Les musiciens qui jouent des pièces d'Erik Satie sont étonnés ou amusés, par les indications hors les normes parsemées dans, ou introduisent ses partitions : « avec étonnement », « très luisant », « Postulez en vous-même », « Portez cela plus loin », « Ne sortez pas », « Ouvrez la tête », « Retirez votre main et mettez-la dans votre poche », « à feuilleter d'un doigt aimable et souriant », etc.
On parle alors d'ironie, de drôlerie, d'énigme, de loufoquerie, d'excentricité. David Christoffel quant à lui, dans cet ouvrage issu d'une thèse soutenue en 2011, y étudie une poétique, un champ poétique porté sur les partitions, une signature peut-être, qui fait écho à l'originalité (mais Rossini est également passé par là) des titres des œuvres : Trois morceaux en forme de poire, Aperçus désagréables, Véritables préludes flasques pour un chien, Descriptions automatiques, Embryons desséchés, Vieux sequins et vieilles cuirasses, Trois valses distinguées du précieux dégoûté, etc. Poétique qui irrigue également la prose épistolaire et les nombreux écrits du « maître d'Arcueil » qui ne voulait en aucun cas être un maître d'école.
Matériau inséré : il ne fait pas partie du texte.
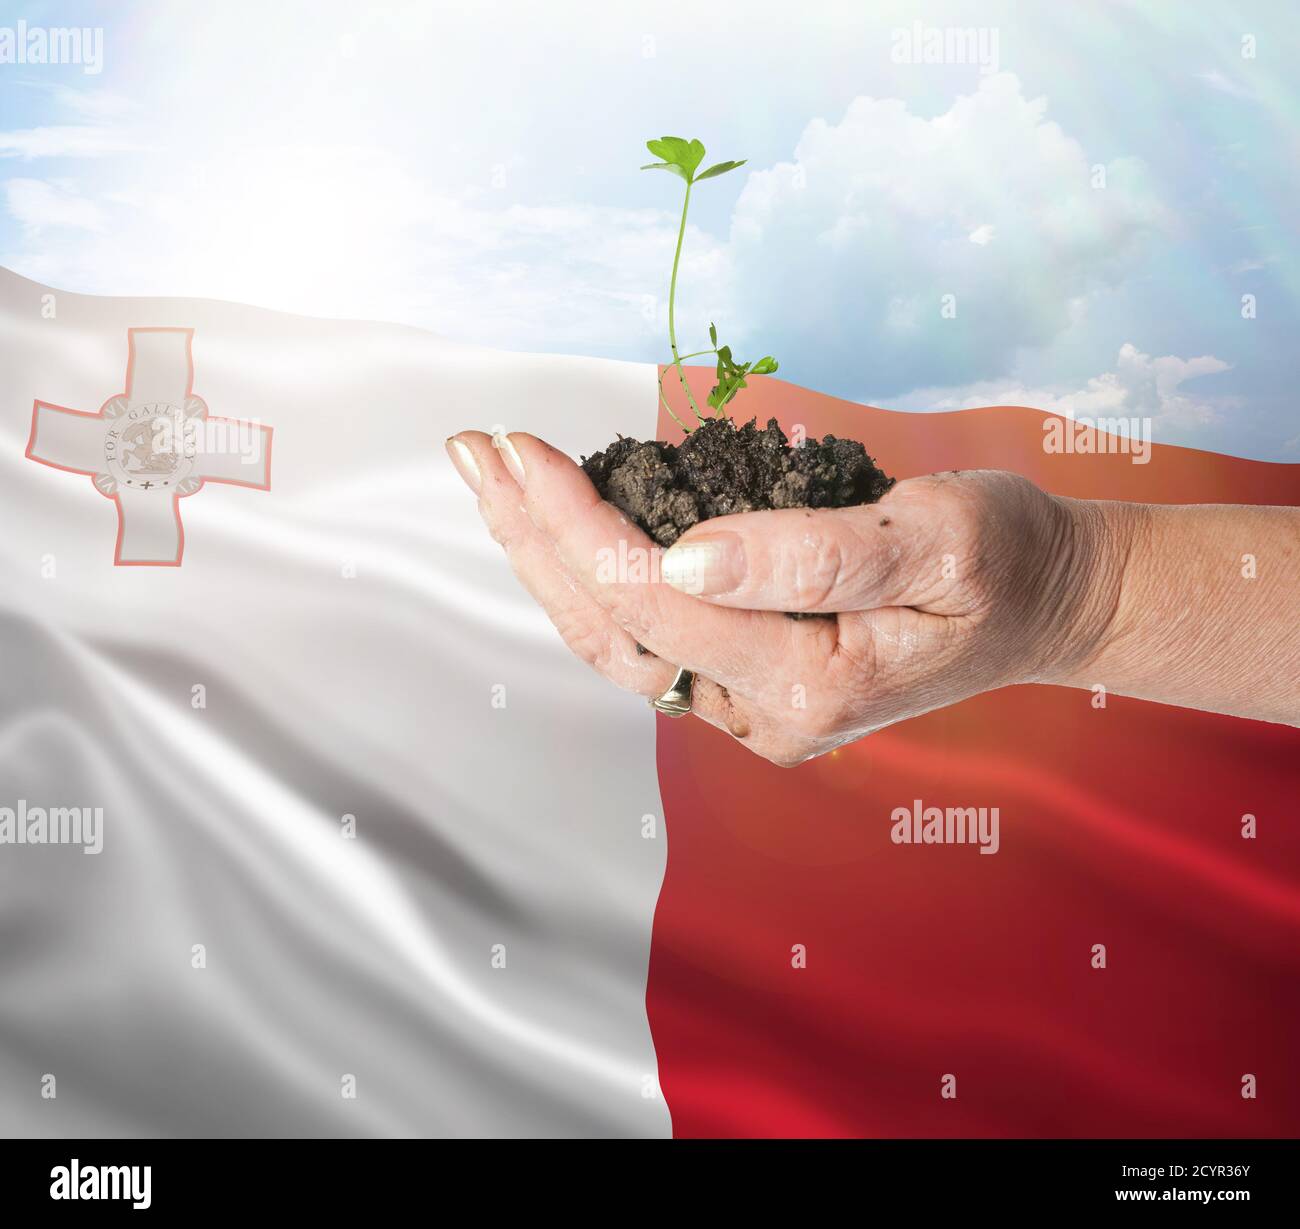 Malta crecimiento y nuevo comienzo. Concepto de energía renovable verde y ecología. Mano sosteniendo planta joven. Foto de stock

L'auteur examine l'origine de ces expressions originales et les traditions esthétiques auxquelles elles peuvent se rattacher, montrant que dans la tête d'Erik Satie, on pouvait être sensible au monde sensible : ici le motif du rideau de scène peint par Picasso ; pour les Trois morceaux en forme de poire, la caricature du visage (sa poire) de Louis Philippe en forme de poire, tout comme le fut la typographie de la publication obligée du jugement dans le Charivari. On fait un parallèle entre une caricature de Caran d'Ache et le titre Véritables préludes flasques pour un chien. etc.
On parle aussi du Cubisme, qui déforme et déplace les objets avec des résultats surprenants, des relations entre esthétique musicale et vision sociale.
Il interroge ces notions d'ironie, qui n'est pas nécessairement drolatique, d'excentricité, aussi la musique dans ce qu'elle peut exprimer de ces choses, et en ce qu'elle peut échanger (ou entrer en contradiction) avec les indications du compositeur, que les musiciens estiment être plus des invitations à la liberté que des indications de jeu (pourtant, une atmosphère poétique peut en être une).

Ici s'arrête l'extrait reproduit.